If I understand the article correctly, it seems de-horned rhinos are poached
mostly because poachers don't see the rhino has lost its horns, and they kill
it then because

1) they're furious when they find out

2) they don't want to waste more time hunting it again

If this is true it would probably be less of a problem for elephants as their
tusks (or absence thereof) are more visible.
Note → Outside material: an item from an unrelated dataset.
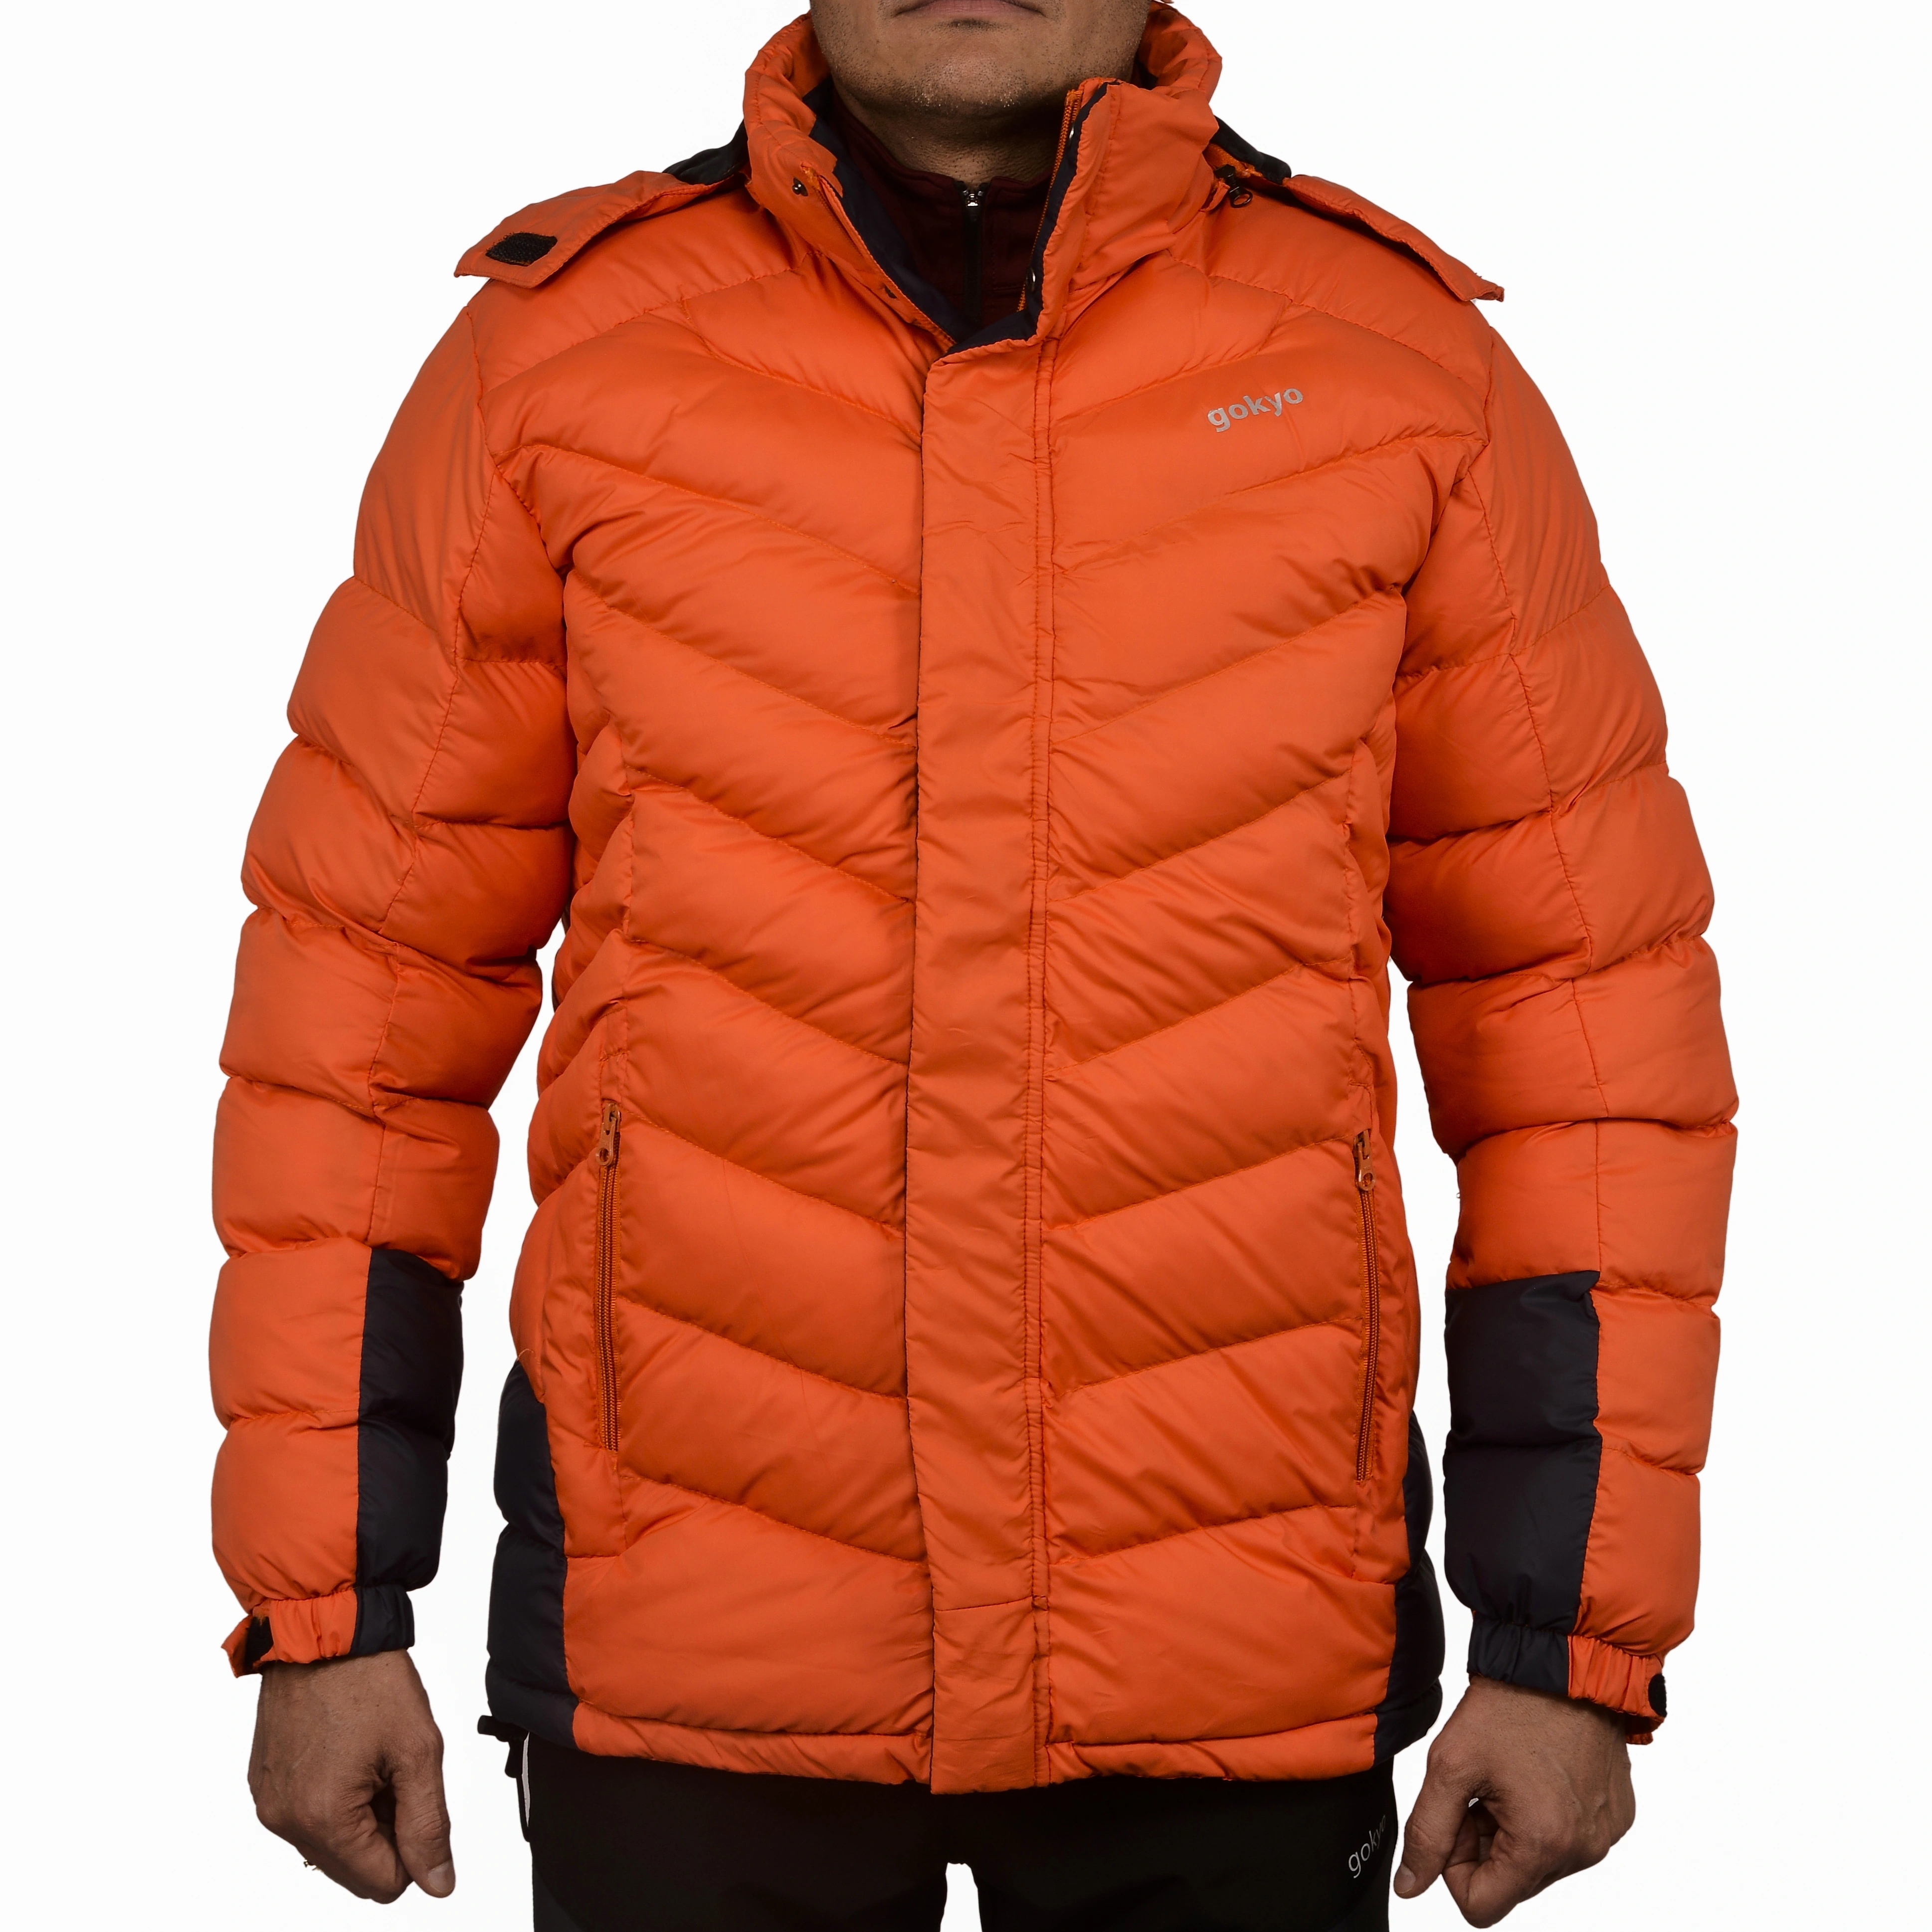 K2 Survivor Down Jacket for Men: Stylized Functionality for Extreme Cold Weather Expeditions (Up to -20°C)-230106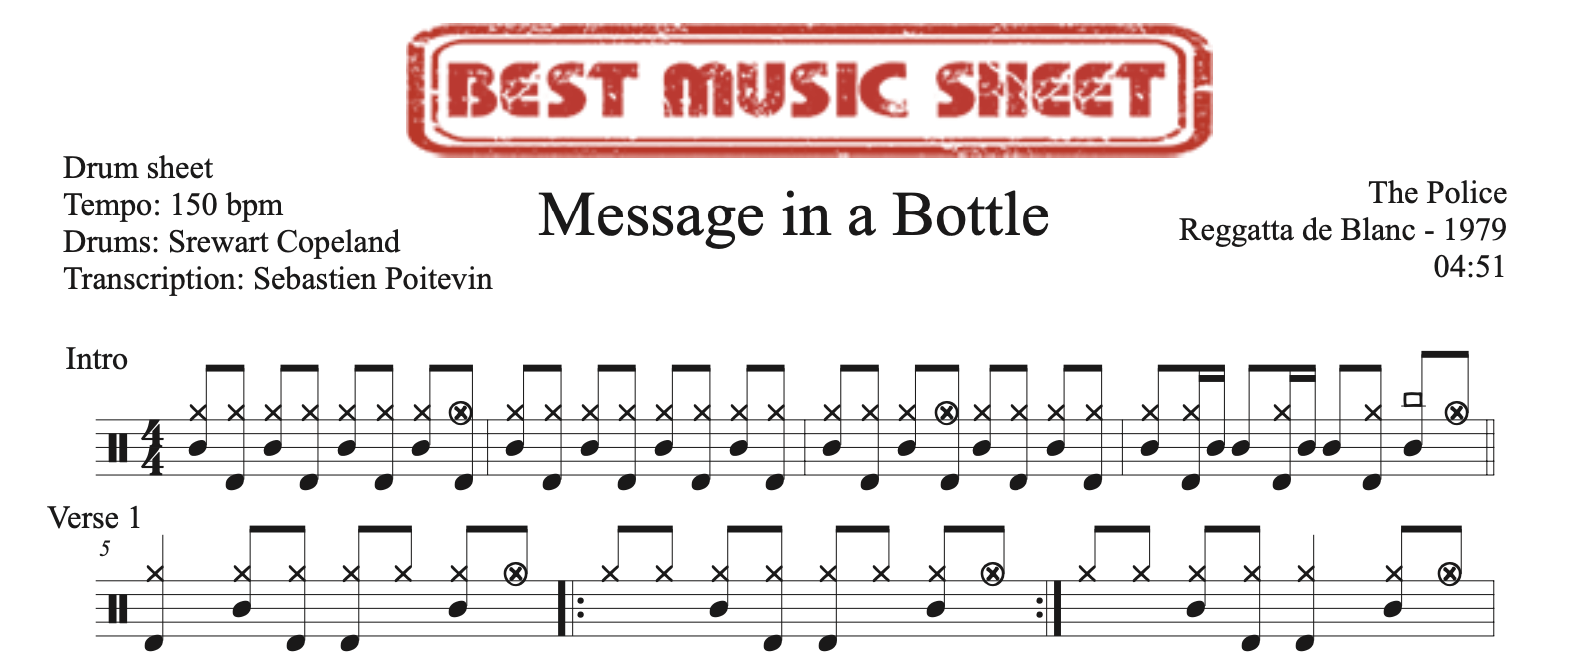 Sample drum sheet of Message in a Bottle by The Police

It still sounds like a horrible procedure, but I don't think trying to curb
demand will ever be effective -- or maybe in the very long run, when there are
no elephants left.

------
squozzer
I wish Yao luck. The total ban contemplated by the USA has me worried. It's an
admission of defeat. Certainly something can be done to accommodate the ivory
taken legally.

It also sparks memories - for instance, what happened to the "blood diamond"
campaign waged by deBeers? I presume it had some success, because the US govt
hasn't seen fit to ban all diamonds? They used a certification process.

Another similar situation exists with Brazilian rosewood. Gibson ran into some
trouble over that. And yet nothing has been done except to ban trade. No
attempt made at sustainability or habitat preservation.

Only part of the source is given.